Она бережно отложила зеркало и уткнулась лбом мне в плечо, не говоря ни слова.
— Ну хорошо. Кто он — тот, на кого ты смотрела?
— Это... один человек... там, где мы жили с матушкой... он...
"Один человек" был сыном дворянина — бедного, но высокородного. Янка любила его, полагала (не без причин), что и он ее любил, но теперь, год спустя, не ведала, помнит ли он еще, что она живет на свете. Разумеется, не было и малейшей надежды увидеть его снова, даже и в том случае, если Янка вернется на родину, — он, говорили, собирался покинуть город и уехать учиться. И вот этого-то человека моя сестричка любила, как только умеют любить в шестнадцать лет — более собственной жизни, более Бога и Пречистой Девы, в основу счастья полагая созерцание любимого предмета, не охладевая от невозможности. Впрочем, невозможность Янка сознавала прекрасно, потому и молчала. Говорят, порой такая любовь пускает в сердце глубокие корни и тянется целую жизнь, но чаще все же наступает выздоровление, особенно если любимый далеко и нет возможности видеть его (так иной запойный пьяница отстает от вина, если жена отнимет у него деньги до последнего геллера и погреб запрет на ключ). Но беда-то состояла в том, что Янкин любимый, хоть и был далеко, все же был видим!
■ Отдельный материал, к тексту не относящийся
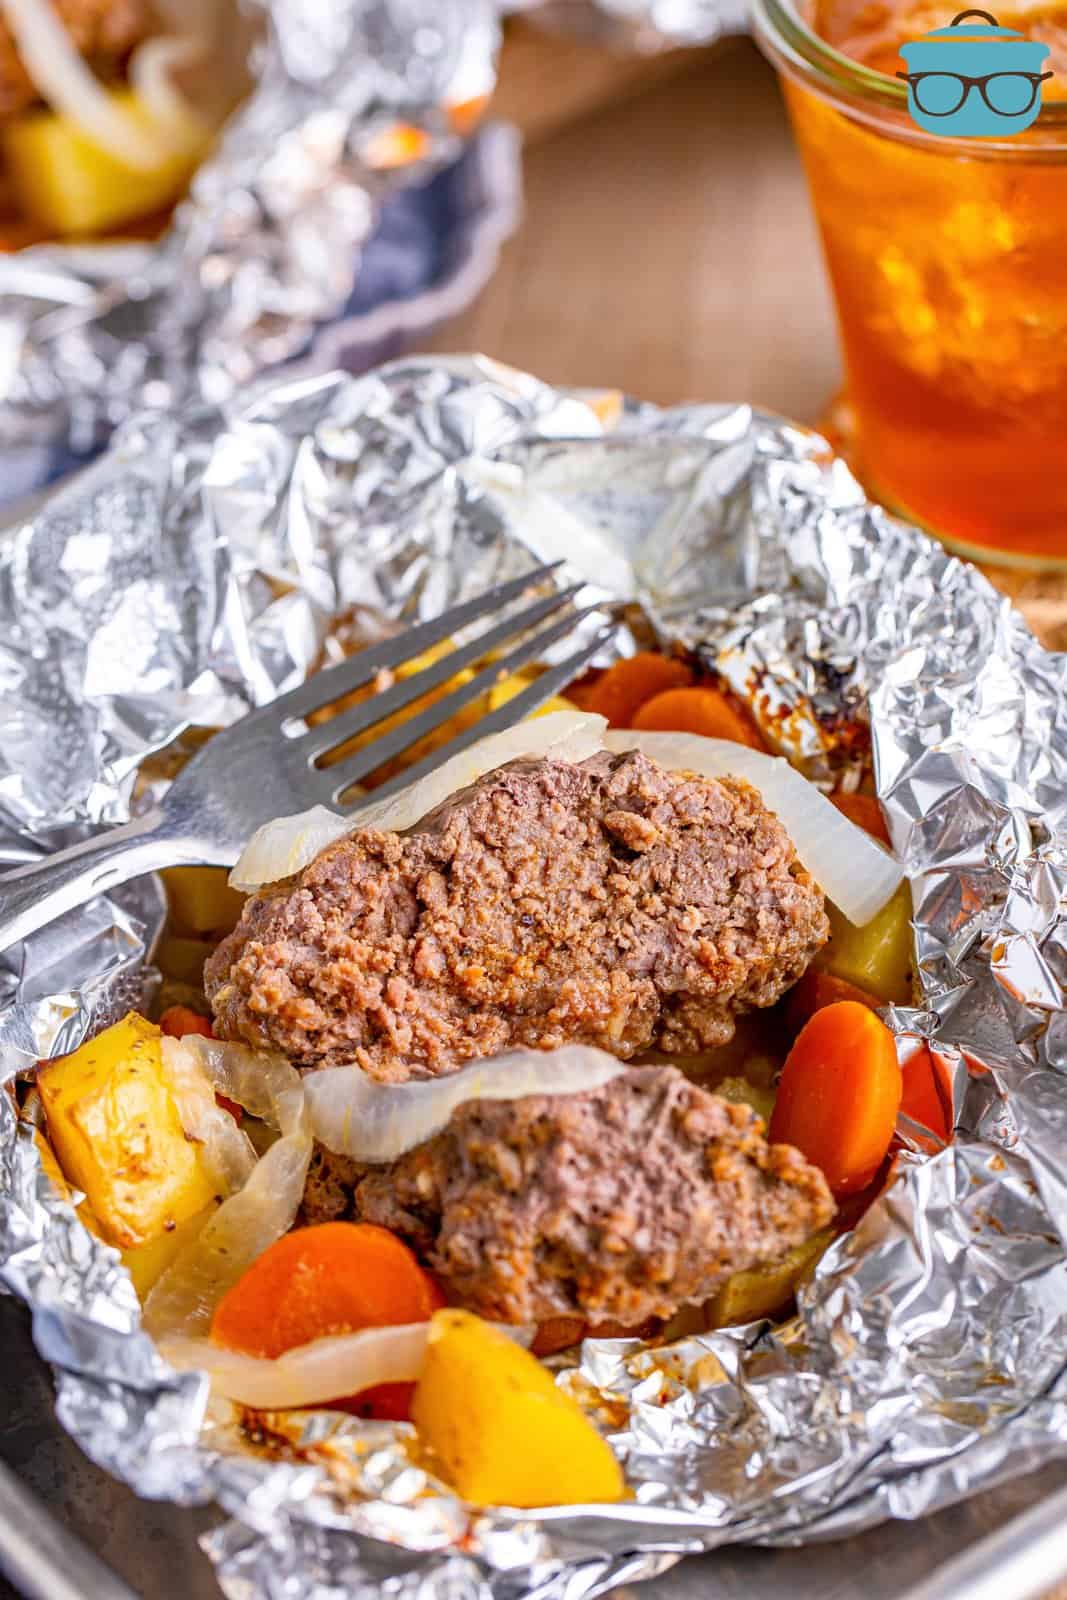 Aluminum foil packet with a burger patty, potatoes and carrots.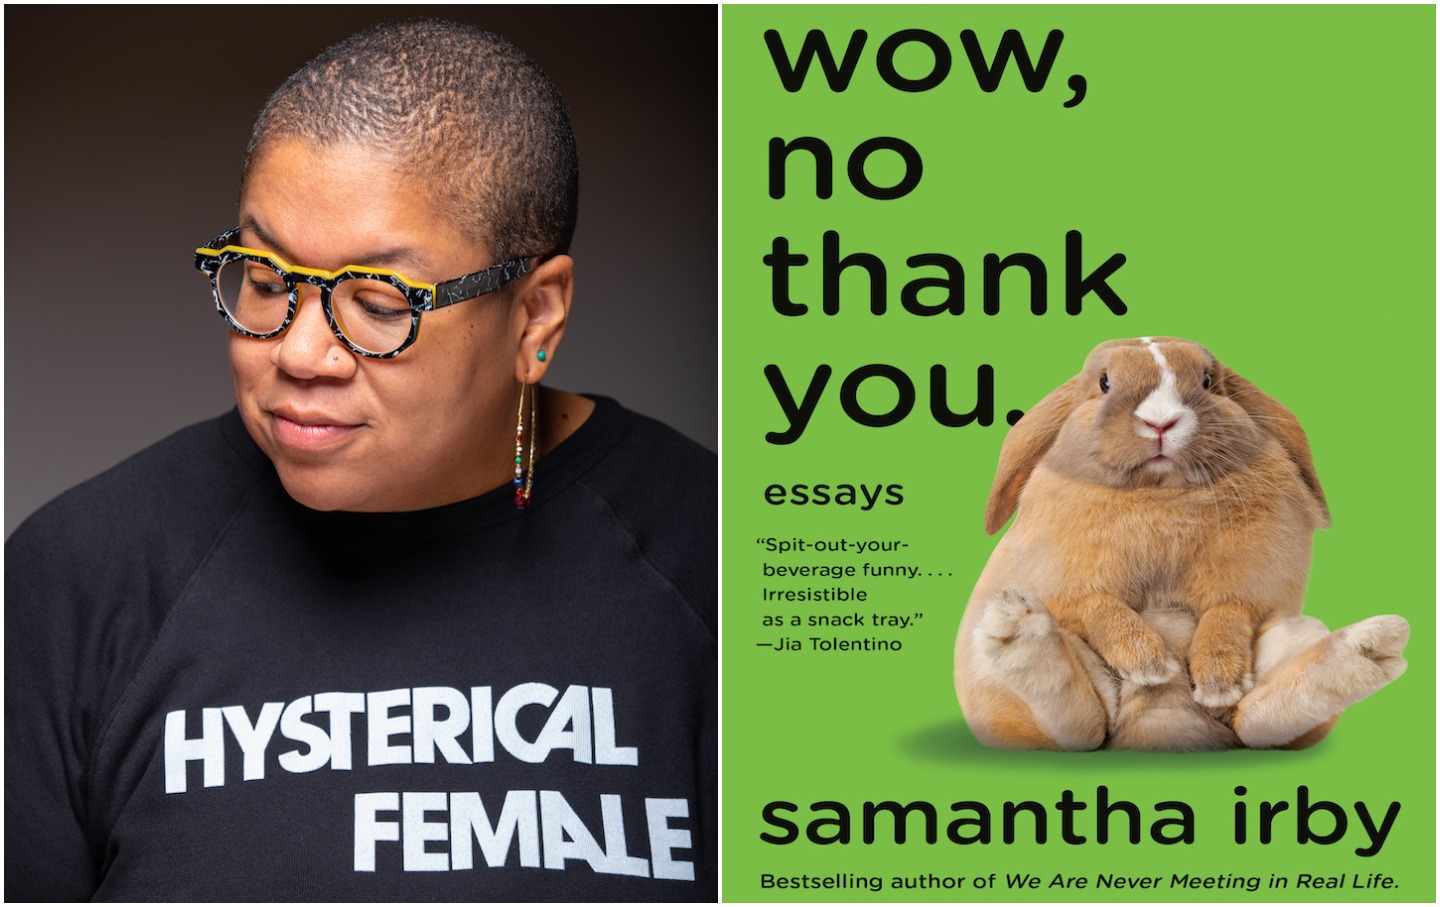 Finding Humor When ‘Shit Is So Terrible’: A Conversation With Samantha Irby

Да, уроки моего батюшки не пропали даром. После первых успехов Янку не покидала мысль отыскать своего любимого. Она стыдилась просить у меня кристалл, сознаваться в глупом желании — увидеть человека, почти незнакомого ей, а потому воспользовалась зеркальцем и в самом деле сумела... Но что дальше? Янка видела его, пагубная любовь не умирала, а росла, и что бы она могла предпринять? Искать его? Но о том, где находится ее ненаглядный, сестричка узнала не больше, чем о Кристофе. Она видела комнаты, улицы, дома за плечом у него, но не видела названия на карте. А коли и угадаешь город по какой-нибудь примете, и поедешь туда, что ты ему скажешь? "Вот я, любимый, женись на мне"? И услышишь в ответ: "А на что ты мне, добрая девушка?"